Example 2: Write down the factors of 68.

Solution:

68 ÷ 1 = 68

68 ÷ 2 = 34

68 ÷ 4 = 17

68 ÷ 17 = 4

68 ÷ 34 = 2

68 ÷ 68 = 1

Therefore, the factors of 16 are 1, 2, 4, 17, 34, and 68.

FAQs on Factors of 90

1. What are the factors of 34 and 416?

We know that the number 34 is a composite number.

34 = 1 x 34

2 x 17= 34

Factors of 34: 1, 2, 17, 34. Therefore, prime factorization: 34 = 2 x 17

The Factors of 416 are as follows:

• 416 is a composite number in Mathematics.

• The prime factorization of the number 416 can be written as 2 x 2 x 2 x 2 x 2 x 13, which can be written as 416 = \[2^{5} * 13\]

• 5 and 1 are the exponents in the prime factorization.

• Factors of 416 can be listed as 1, 2, 4, 8, 13, 16, 26, 32, 52, 104, 208, and 416.

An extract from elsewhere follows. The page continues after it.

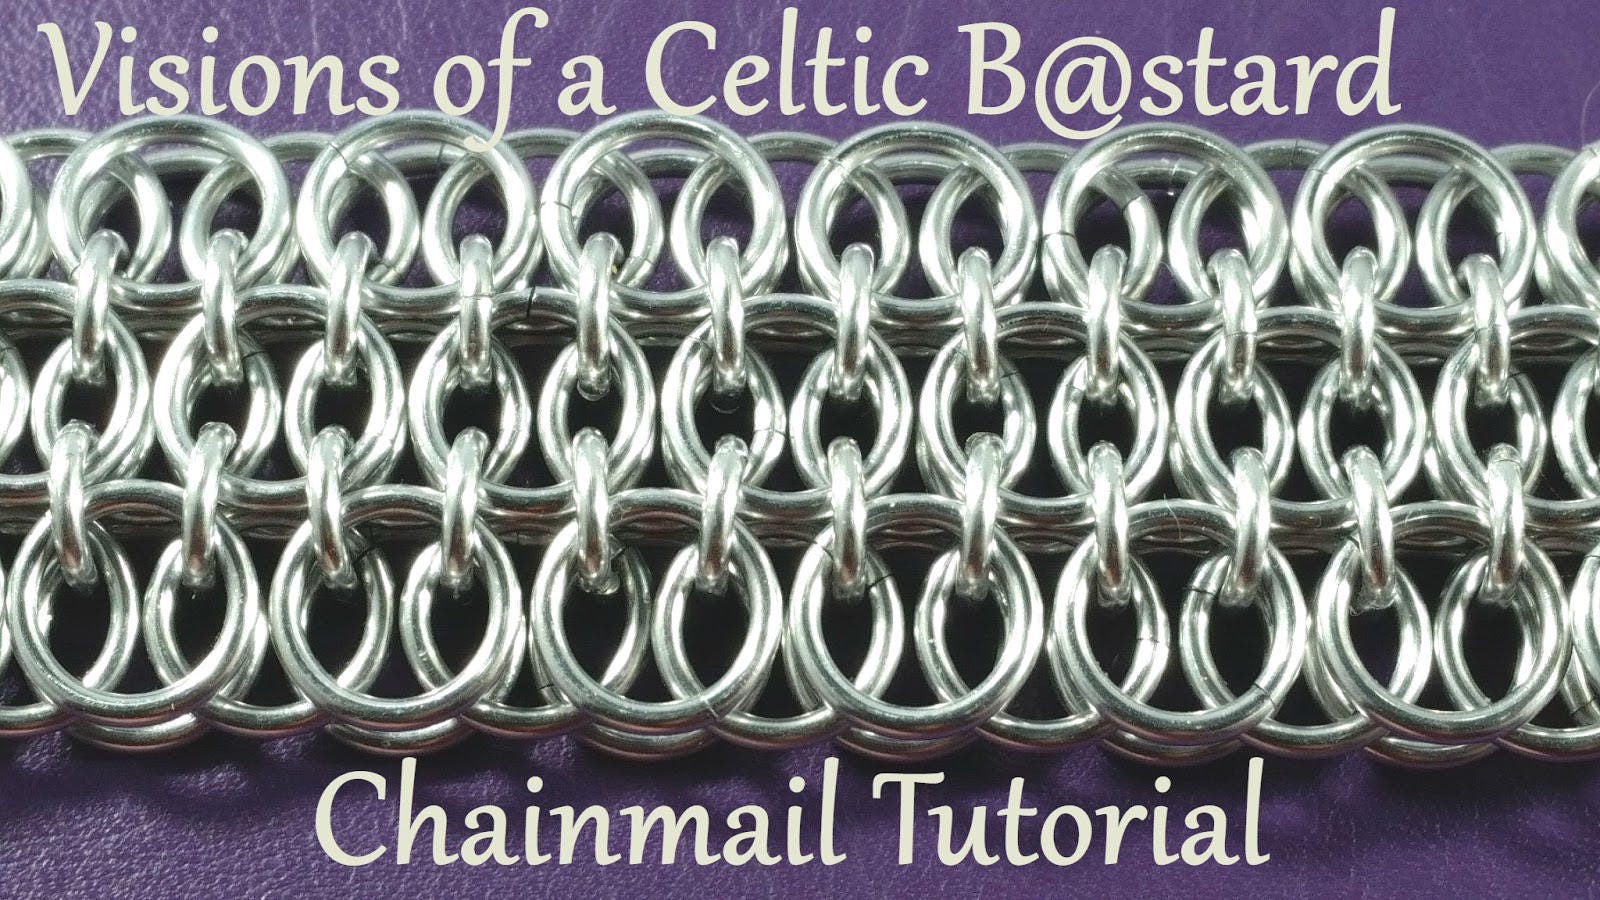 Complete Chainmail Tutorial Collection Book - Chainmail Joe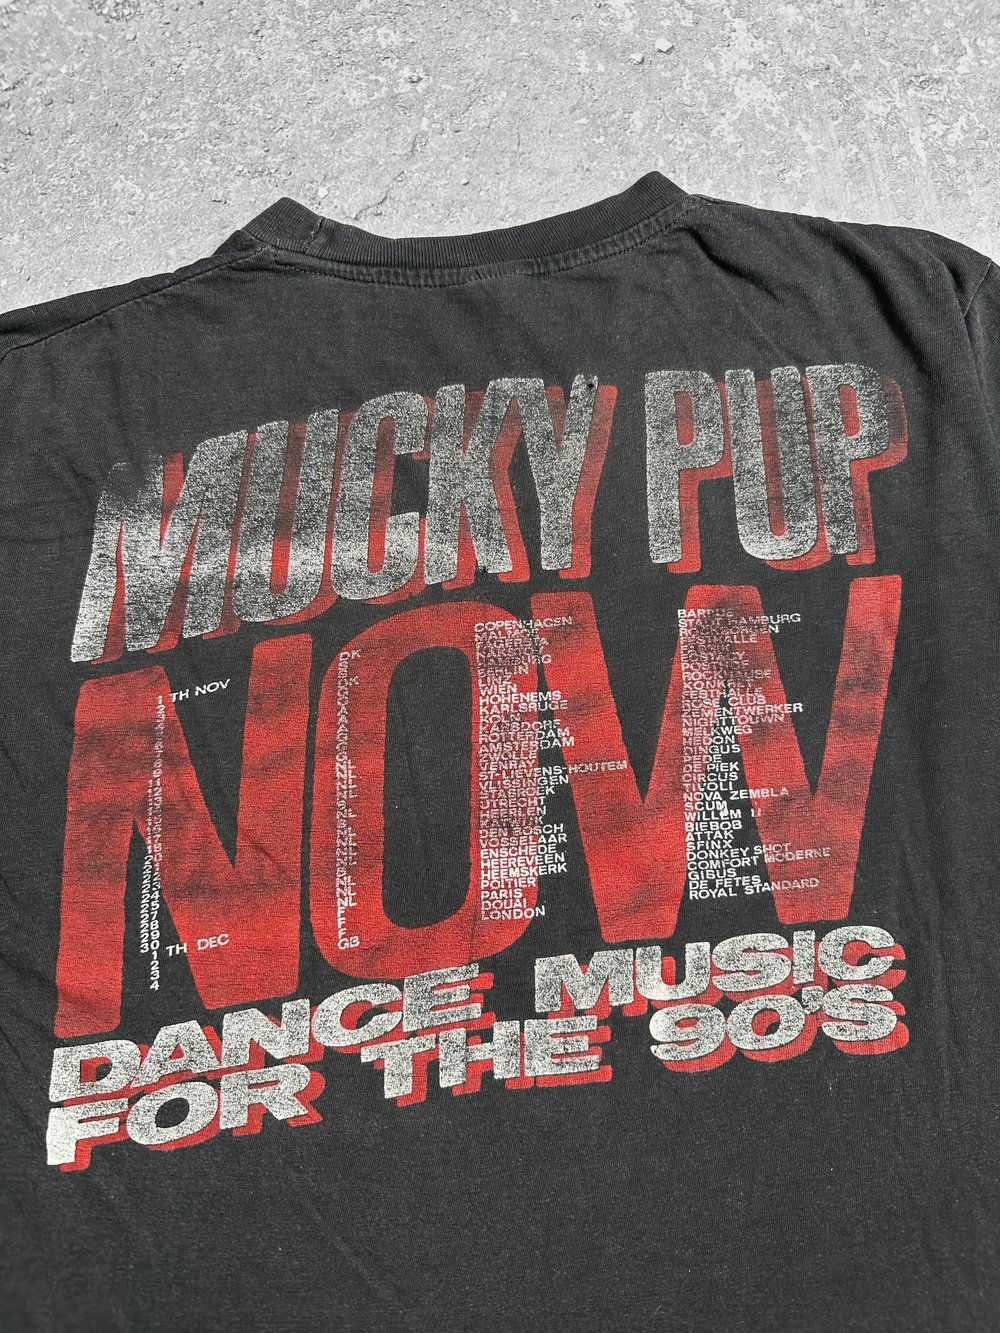 Rare* Mucky Pup 1990 'Now: Dance Music For The 90's' T-Shirt

2. What are the prime factors of 41?

To make the task easier, we can find the square root of the given number. Let’s suppose that 41 is not a prime number. Then, the number would be divisible by at least one prime number which is less than or equal to the square root of the number √41 ≈ 6.4. Now, list all the prime numbers less than 6, which are 2, 3, and 5, and since 41 cannot be divided evenly by 2, 3, or 5, we can conclude that 41 is a prime number. So, there are no prime factors of 41.

3. Is 18 a factor of 90?

All those numbers that completely divide the given number are considered factors. Since 18 times 5 equals 90, it is considered a factor.  Students can understand this well if they read from Factors of 90 – Definition and Prime Factorization online. This page will resolve all their queries as it has all the useful inputs that are needed regarding Factors. This page explains how factors of any number are formed when they are divided and will help all students to pick up the topic properly.